The six–foot drivers were hammering their way to San Bernardino and the Mohave wastes, but this was no grade for speed. That would come later. The heat of the desert followed the heat of the hills as they turned east to the Needles and the Colorado River. The car cracked in the utter drouth and glare, and they put crushed ice to Mrs. Cheyne's neck, and toiled up the long, long grades, past Ash Fork, towards Flagstaff, where the forests and quarries are, under the dry, remote skies. The needle of the speed–indicator flicked and wagged to and fro; the cinders rattled on the roof, and a whirl of dust sucked after the whirling wheels. The crew of the combination sat on their bunks, panting in their shirtsleeves, and Cheyne found himself among them shouting old, old stories of the railroad that every trainman knows, above the roar of the car. He told them about his son, and how the sea had given up its dead, and they nodded and spat and rejoiced with him; asked after "her, back there," and whether she could stand it if the engineer "let her out a piece," and Cheyne thought she could. Accordingly, the great fire–horse was "let 'ut" from Flagstaff to Winslow, till a division superintendent protested.
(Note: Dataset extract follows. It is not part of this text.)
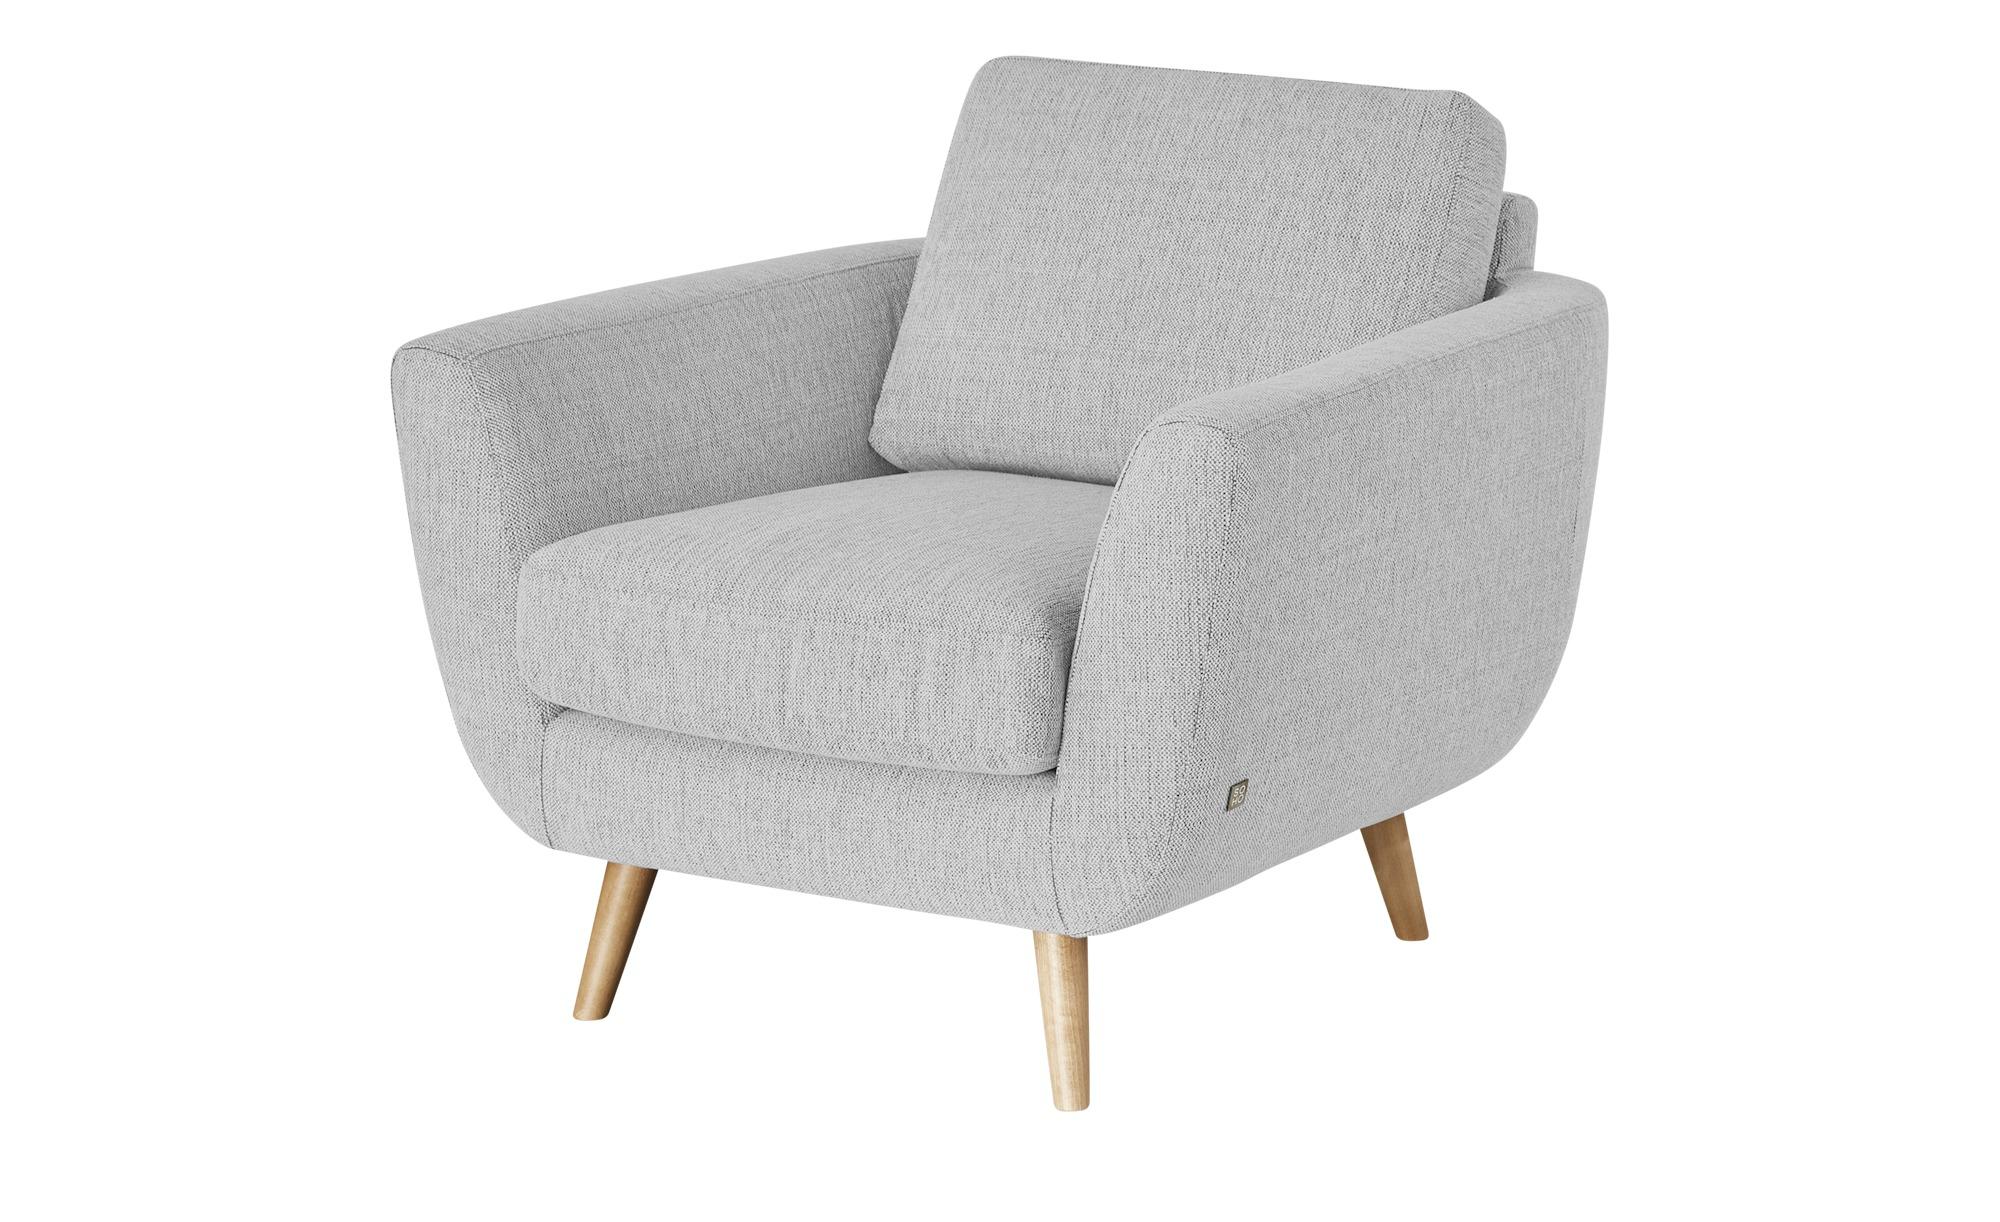 SOHO Sessel grau - Stoff Smilla ¦ grau ¦ Maße (cm): B: 94 H: 85 T: 93 Polstermöbel > Sessel > Ohrensessel - Höffner

But Mrs. Cheyne, in the boudoir stateroom, where the French maid, sallow–white with fear, clung to the silver door–handle, only moaned a little and begged her husband to bid them "hurry." And so they dropped the dry sands and moon–struck rocks of Arizona behind them, and grilled on till the crash of the couplings and the wheeze of the brake–hose told them they were at Coolidge by the Continental Divide.
Three bold and experienced men—cool, confident, and dry when they began; white, quivering, and wet when they finished their trick at those terrible wheels—swung her over the great lift from Albuquerque to Glorietta and beyond Springer, up and up to the Raton Tunnel on the State line, whence they dropped rocking into La Junta, had sight of the Arkansaw, and tore down the long slope to Dodge City, where Cheyne took comfort once again from setting his watch an hour ahead.